Starting a print on demand web business. Tried CustomCat. Before turning the site live, I bought a shirt from myself. Glad I did. Mock up looks perfect online (with one wonky exception) but the printed shirt, is skewed. Graphic printed crooked (see attached). No support. Nobody answers the phone. I can't build a business around this. 

Looking for recommendations for a print shop. Now that I've built a website, woocommerce integration would be nice. 

Thanks in advance.

John


----------



## binki (Jul 16, 2006)

@Justin Walker was working on something like that a while back. Don't know if he still is.
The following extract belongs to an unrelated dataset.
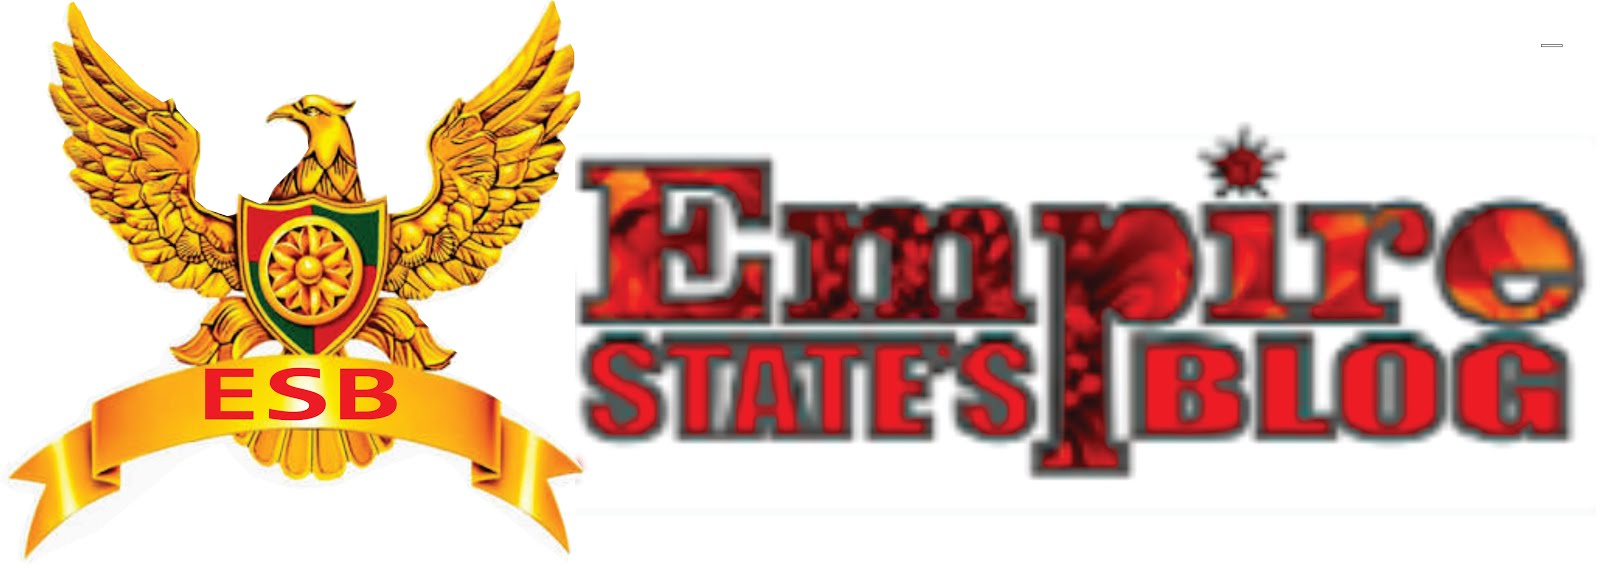 Empire States Blog

https://www.t-shirtforums.com/members/justin-walker.html


----------



## LancerFlorida (Mar 20, 2018)

Invest another $2,000 and print our own shirts. IF you want to brag about your product AND want to see your customers again, don't send them to predators. DO your own work! 
But...you must accept you can not do EVERYTHING. So pick your horse and ride it well.


----------



## NoXid (Apr 4, 2011)

Login to their interface, click Home or your store name. Click Orders for last week (or month, whenever you ordered the shirt). Then click the Message (envelope) button next to that order and describe your problem. This will create a support "Ticket" in their system and is how you deal with any and all problems with an order.

I've had some mugs get damaged in transit, and they've always sent out replacements to my customers.

Note, you can attach a photo to the message.


----------



## DrivingZiggy (Apr 24, 2017)

y2kdeuce said:


> the printed shirt, is skewed. Graphic printed crooked (see attached).


Zoiks! That's not even close.


----------



## nlck (Jan 23, 2019)

Printful has decent reviews with woocommerce integration. Although, I've haven't used them myself.


----------